====== Source data

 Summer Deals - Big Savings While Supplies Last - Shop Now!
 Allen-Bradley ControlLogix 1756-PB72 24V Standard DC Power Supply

============
====== Source data

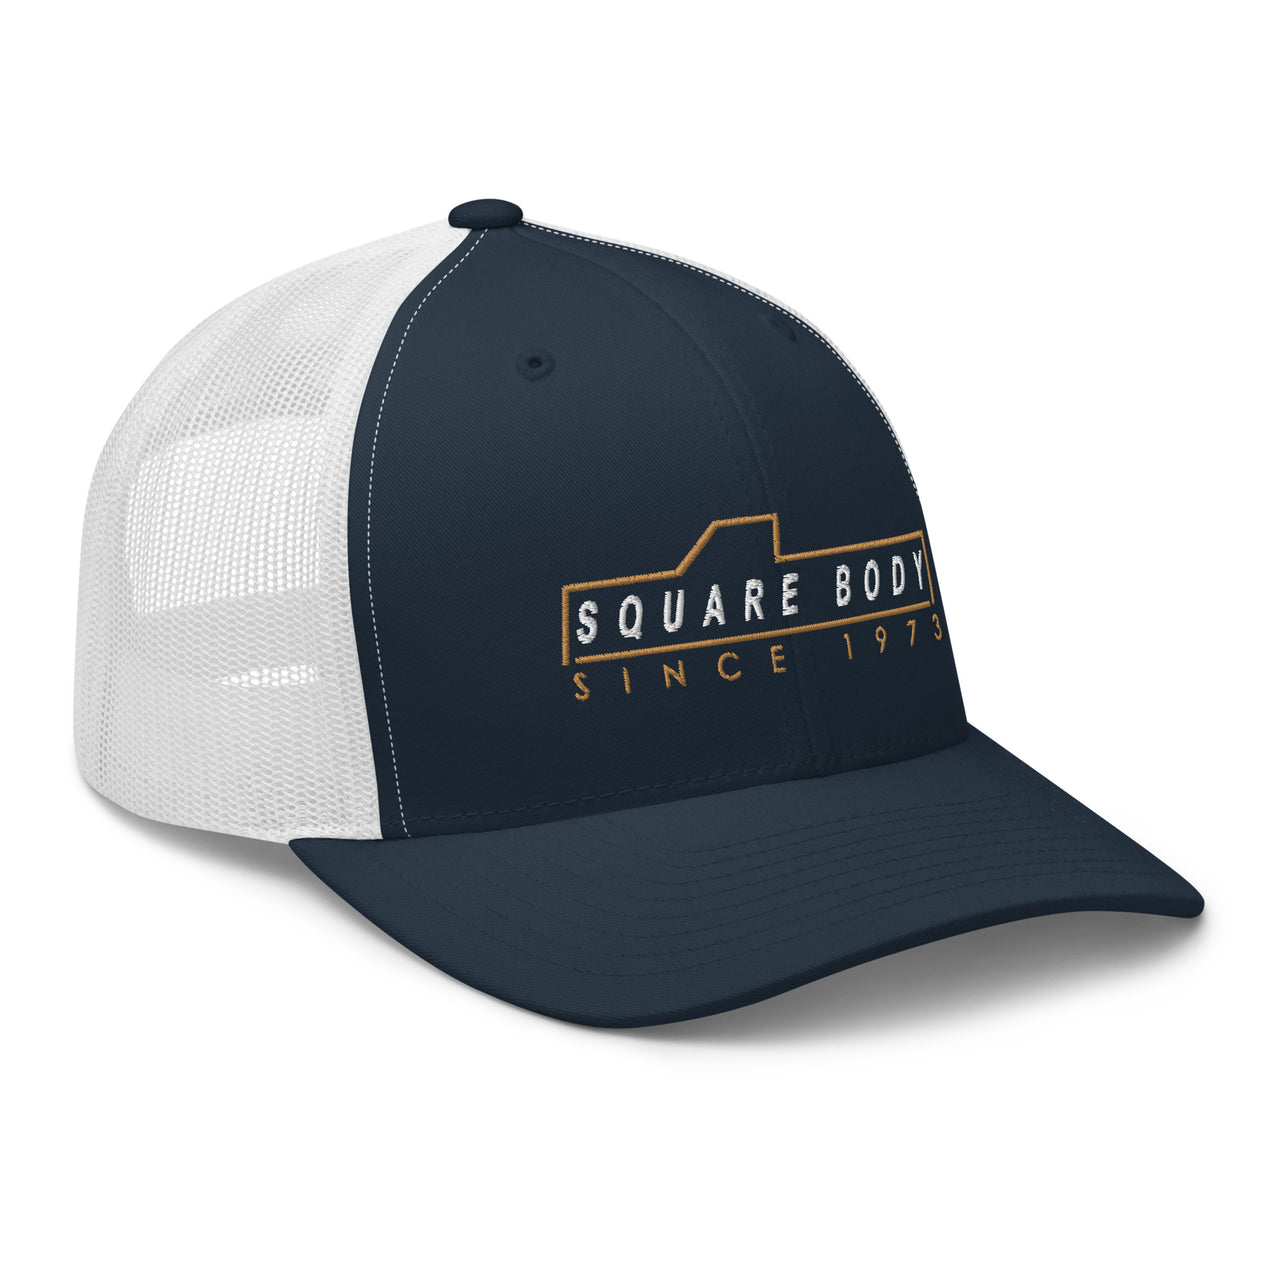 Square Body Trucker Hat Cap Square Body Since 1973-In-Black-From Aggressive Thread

============

▶ **Problem**
Of the entries listed above, reproduce only the lines starting at the line containing "Summer Deals - Big" and ending at the line containing "Allen-Bradley ControlLogix 1756-PB72". Include both, exactly as they stand.

▶ **Answer to this task**
 Summer Deals - Big Savings While Supplies Last - Shop Now!
 Allen-Bradley ControlLogix 1756-PB72 24V Standard DC Power Supply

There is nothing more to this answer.